Jacko Charity Single Revealed

A sample of Michael Jackson's famously unreleased charity single is now available for listening right here at the Fox 411. After months of collecting dust, now fans can make up their own minds.

Paul Newman Has the Right Accent

If you wondered where Paul Newman picked up such an accurate and lilting Irish accent for his role in Road to Perdition, I can tell you. He got it from Angela's Ashes award-winning writer Frank McCourt.

"Paul was worried that he wouldn't get it right," McCourt told me recently. "So I went over to his house and read the lines in his script for him. We did it a few times, and I think he pulled it off."

McCourt, by the way, has given up plans to write a novel following Angela's Ashes and Tis. His next book will be a memoir, he said. My opinion is: Don't fix it if it ain't broke. McCourt is such an outstanding memoirist, let him stick to what he does so well.

And for theatre fans, here's a little scoop: Jim Simpson told me he has secured the next new play by A.R. Gurney. It concerns a WASPy middle-aged man whose life is changed by a politically active Palestinian woman. "Pete wanted to come downtown and do something edgy," Simpson told me. "And wait til you see the politics in this. Edgy isn't the word."

Liza's Dose of Reality

First of all, let's get this straight: Liz Smith broke the story about Liza Minnelli and David Gest doing a reality show for VH-1. Time magazine appropriated that scoop for itself on Monday and the rest of the world credited them. No, it was Liz, folks. She's the Liza expert. Time is the ... I dunno ... Usama bin Laden expert.

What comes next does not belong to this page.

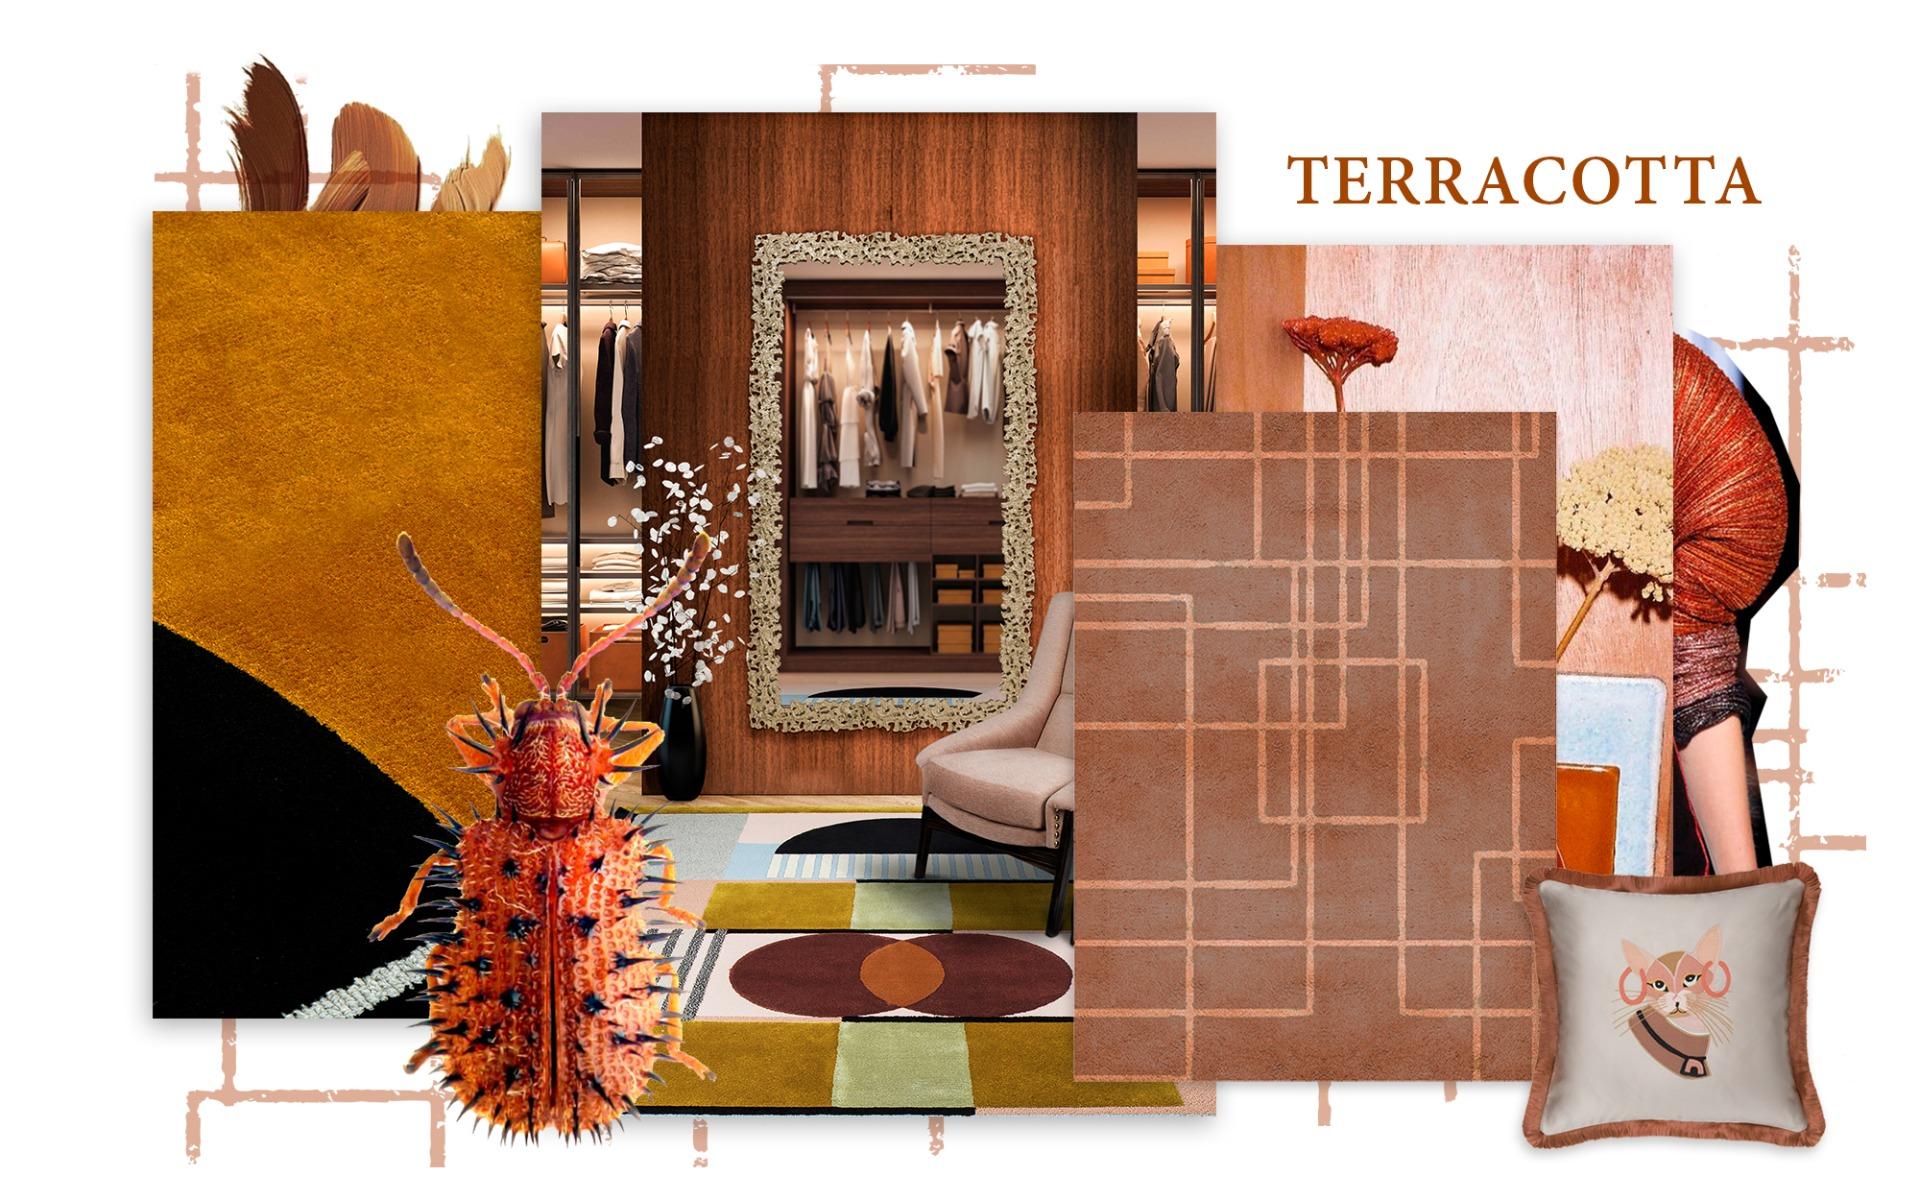 Terracotta - Trends 2019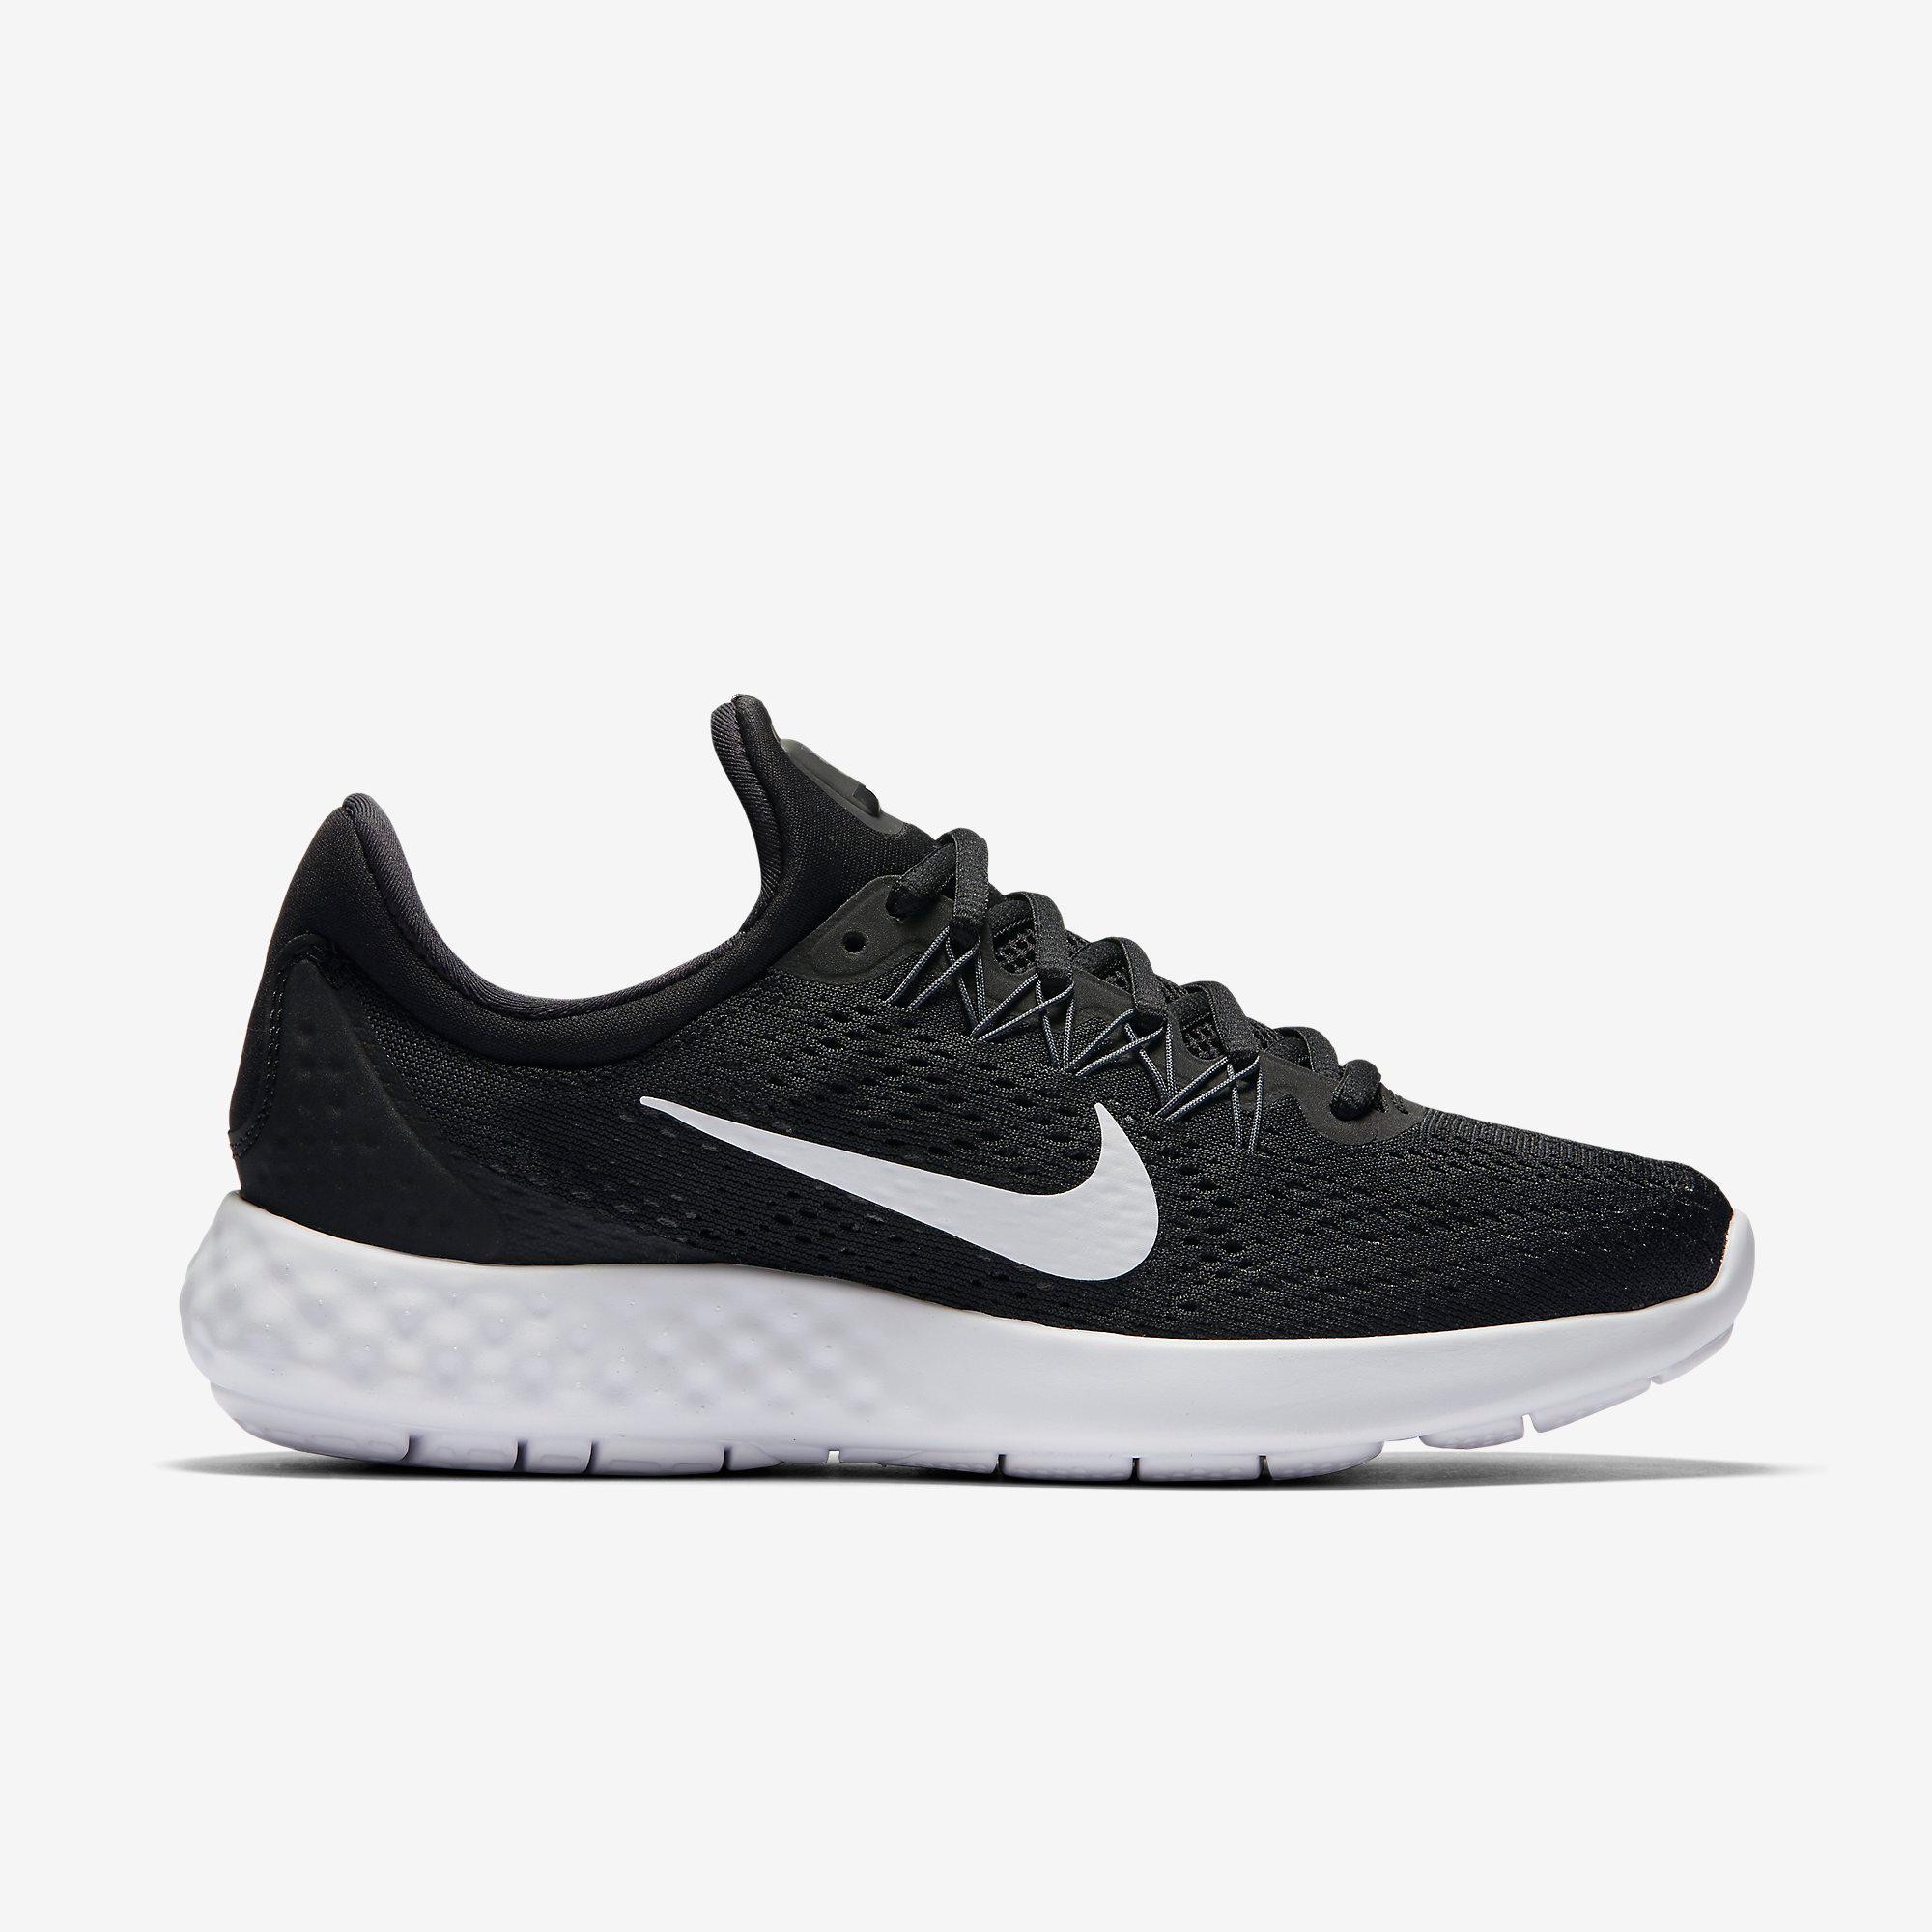 Nike Womens Lunar Skyelux Running Shoes

Liza's little dose of reality will probably never come to fruition. One look at a pilot episode and Liza will realize that VH-1 intends for her to be Divine, with Gest as Gomez Adams. Why spoil an incredible singing career with Hairspray?

Meanwhile, whatever happened to Barbra Streisand and James Brolin's VH-1 series about a ruthless record executive? This column reported those plans exclusively back in March 2001, but since then ... pfffft. The project was shelved, but after some of the stuff we've seen in the last few weeks, I'd get back on that one. The timing is perfect.

E Street Reunion?

All eyes will be on the Beacon Theatre in New York tonight for a Sept. 11 concert honoring rescue workers, their families and victims' families. Lisa Luckett, who lost her husband in the terrorist attacks, organized the benefit with Garry Tallent, original member of Bruce Springsteen's E Street Band. The last time they did something like this, Bruce and other E Streeters attended and played. You never know what will happen. Other performers include the great singers Phoebe Snow and Beth Nielsen Chapman.